The conspicuous wooden shack is what Chiedza and her husband, Munyaradzi (42), call home in a suburb where most houses are made from brick. A few burnt out twigs hardly enough to start a fire stood at the centre of a makeshift brick fireplace outside the shack. A plastic bag with baby clothes lay abandoned next to the fireplace.
Inside the stuffy shack supported by a pole and mud, the only sign of food was a pot of tea. Munyaradzi said the tea had been his only “meal” that day. As for his wife and the baby, the sorghum drinks she received from charitable nurses at the clinic would suffice.
“We sometimes go for two days without eating a proper meal. Sometimes we just eat mangoes and save the mealie-meal for Max’s porridge,” he said, putting his hands on his cheeks and emptily starring at his small field of a stunted, drought-affected maize crop.
He sometimes does odd jobs such as fetching water for neighbours and said he gets US$5 on a good week.
Such poverty is putting a strain on children, said Nurse Mudani. “Cases of malnutrition are increasing. Because of the economic hardships some families go for days without eating a proper meal,” she said.

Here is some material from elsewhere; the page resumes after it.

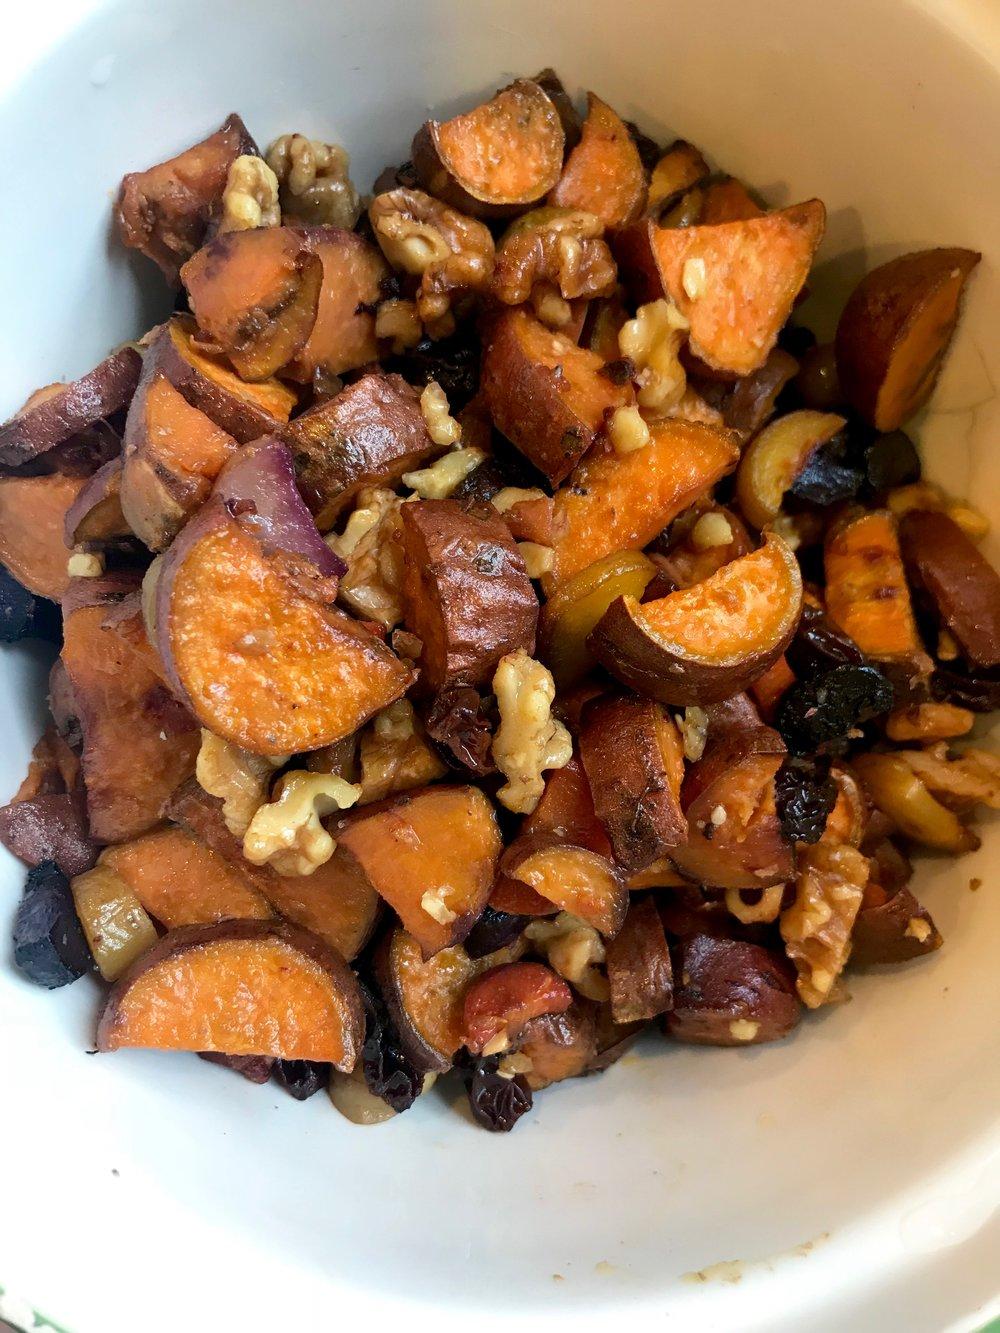 honey roasted sweet potato with Raisins and Walnuts

Malnutrition on the rise but help is on the way
In October last year, this local health institution admitted four children with malnutrition but has already recorded 8 cases in the first week of January alone, said Mudani.
Zimbabwe is battling its worst economic hardships in a decade, highlighted by spikes of hyperinflation, currency instability, widespread electricity shortages and fuel and food scarcity. One of the worst droughts in decades, heightened by climate change, has worsened the situation in a country heavily reliant on rain-fed agriculture resulting in over 7.7 million people living with food insecurity.
Nearly 100,000 children under five are suffering from acute malnutrition and over 1 million young children are not eating well enough to thrive. In response, UNICEF has prioritized the prevention and treatment of malnutrition among children, pregnant and breastfeeding women in 25 priority districts in Zimbabwe.
UNICEF provides nutritional support including early detection and treatment of infants and children under 5 suffering from severe acute malnutrition and preventative nutrition services for young children and pregnant women and lactating mothers.
There are fears that the situation could deteriorate further, and that increased donor support is much needed, said Mathieu Joyeux, the UNICEF Zimbabwe Nutrition Manager.
“What we see is this kind of double burden where people are waiting for their new harvest and then people can’t afford to buy food. People are defaulting back to low quality food. So we are supporting volunteers in the communities that are doing door to door screening - checking the situation of children and women,” said Mathieu.
“We are in the process of scaling up interventions but that needs more support. More outreach, more scale up means more resources are needed,” he said.
If picked up early enough and children have access to timely treatment, they can recover quite quickly. For underweight baby Max and many other children facing potential malnutrition and food insecurity, lifesaving interventions at UNICEF-supported clinics could see him back to health in a matter of months.